Containing security incidents
The last thing you want to deal with during an incident is an even bigger incident. Containment is extremely important to stop the bleeding and prevent further damage. It also allows you to use your incident response resources more efficiently and avoid exhausting your analysis and remediation capacity. Some common containment activities include- Disabling Internet connectivity for affected systems
- Isolating/quarantining malware-infected systems from the rest of your network
- Reviewing and/or changing potentially compromised passwords
- Capturing forensic images and memory dumps from impacted systems
Eradicating security incidents
By the time you reach this phase, your primary mission is to remove the threat from your system(s). Eradication involves eliminating any components of the incident that remain. Depending on the number of impacted hosts, this phase can be fairly short or last for quite some time. Here are some key activities during this phase:- Securely removing all traces malware
- Disabling or recreating impacted user and system accounts
- Identifying and patching all vulnerabilities (starting with the ones that led to the breach!)

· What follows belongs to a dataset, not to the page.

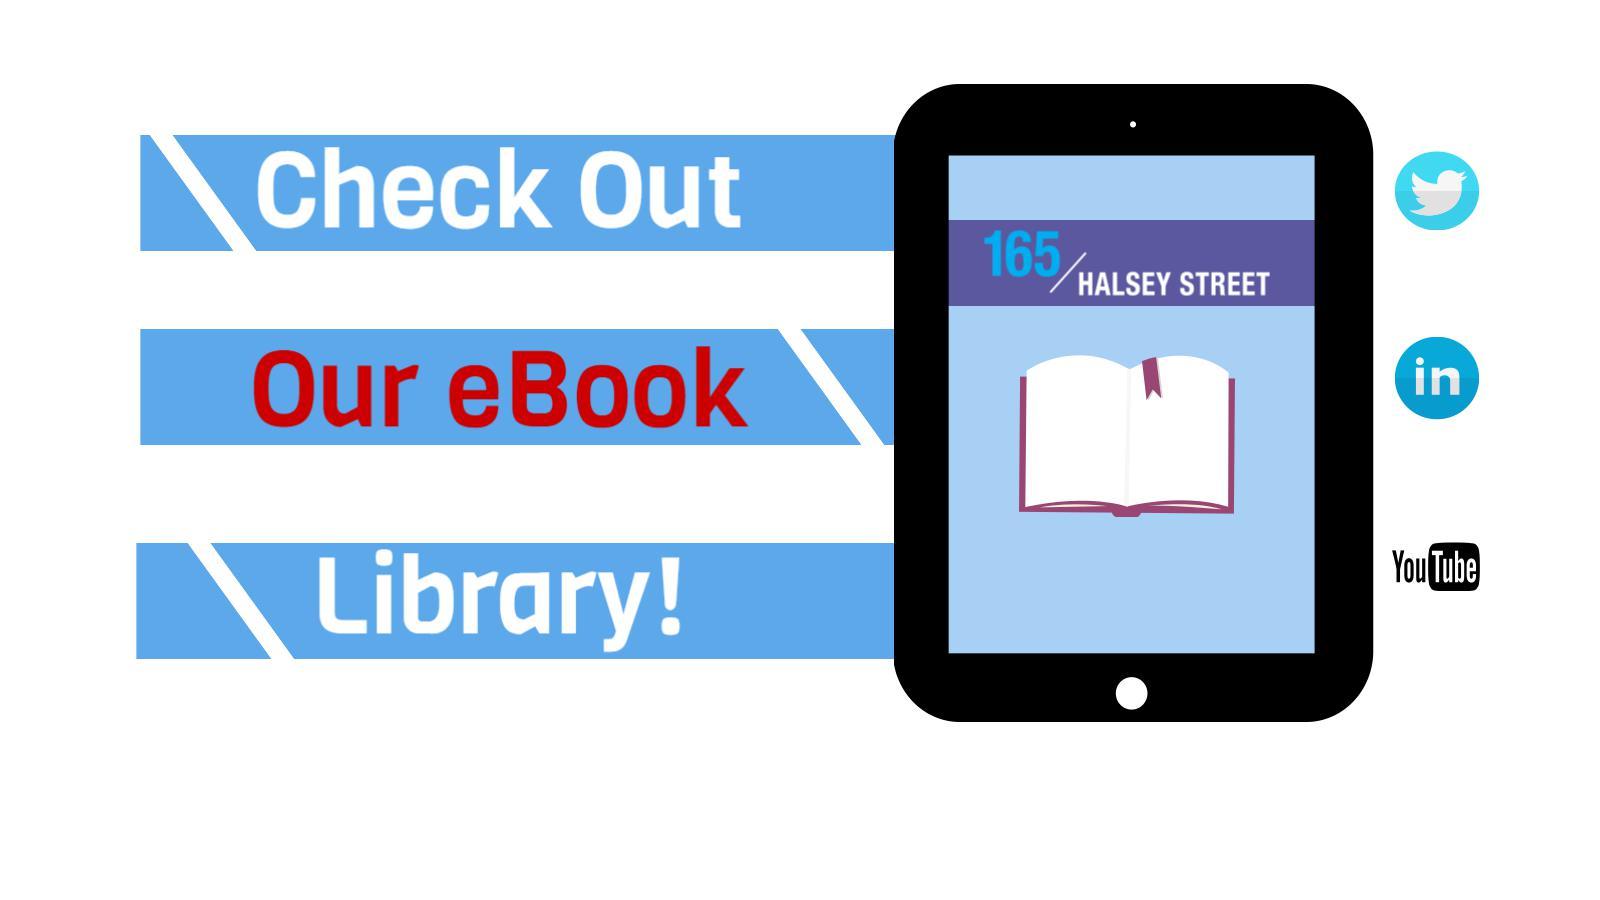 165-halsey-ebook-library-image

- Restore known good backups
- Wipe or rebuild critically damaged systems
Recovering from security incidents
The objective of the Recovery phase is to bring impacted systems back into your operational environment and fully resume business as usual. Depending on your organization’s IR Plan, this phase may be closely aligned or share steps with the Eradication phase. It can take several months to fully recover from a large-scale compromise, So you need to have both short-term and long-term recovery objectives that align with your organization’s needs. Some common recovery activities include- Confirming vulnerabilities have been patched and fully remediated
- Validating systems are functioning normally
- Restoring systems to normal operations (for example, reconnecting Internet access, restoring connection to your production network, and so on)
- Closely monitoring systems for any remaining signs of undesirable activity
Conducting a security incident post-mortem
After your systems are back up and running and the worst is over, you need to focus your attention on the lessons learned from the incident. The primary objective of the Post-Mortem phase is to document the lessons and implement the changes required to prevent a similar type of incident from happening in the future. All members of the Incident Response Team (and supporting personnel) should meet to discuss what worked, what didn’t work, and what needs to change within the organization moving forward. Here are some questions to consider during Post-Mortem discovery and documentation:- What vulnerability (technical or otherwise) did this breach exploit?
- What could have been done differently to prevent this incident or decrease its impact on your organization?
- How can you respond more effectively during future incidents?
- What policies need to be updated, and with what content?
- How should you train your employees differently?
- What security controls need to be modified or implemented?
- Do you have proper funding to ensure you are prepared to handle future breaches?
For a more in-depth review of handling security incidents, refer to NIST’s Computer Security Incident Handling Guide (SP 800-61).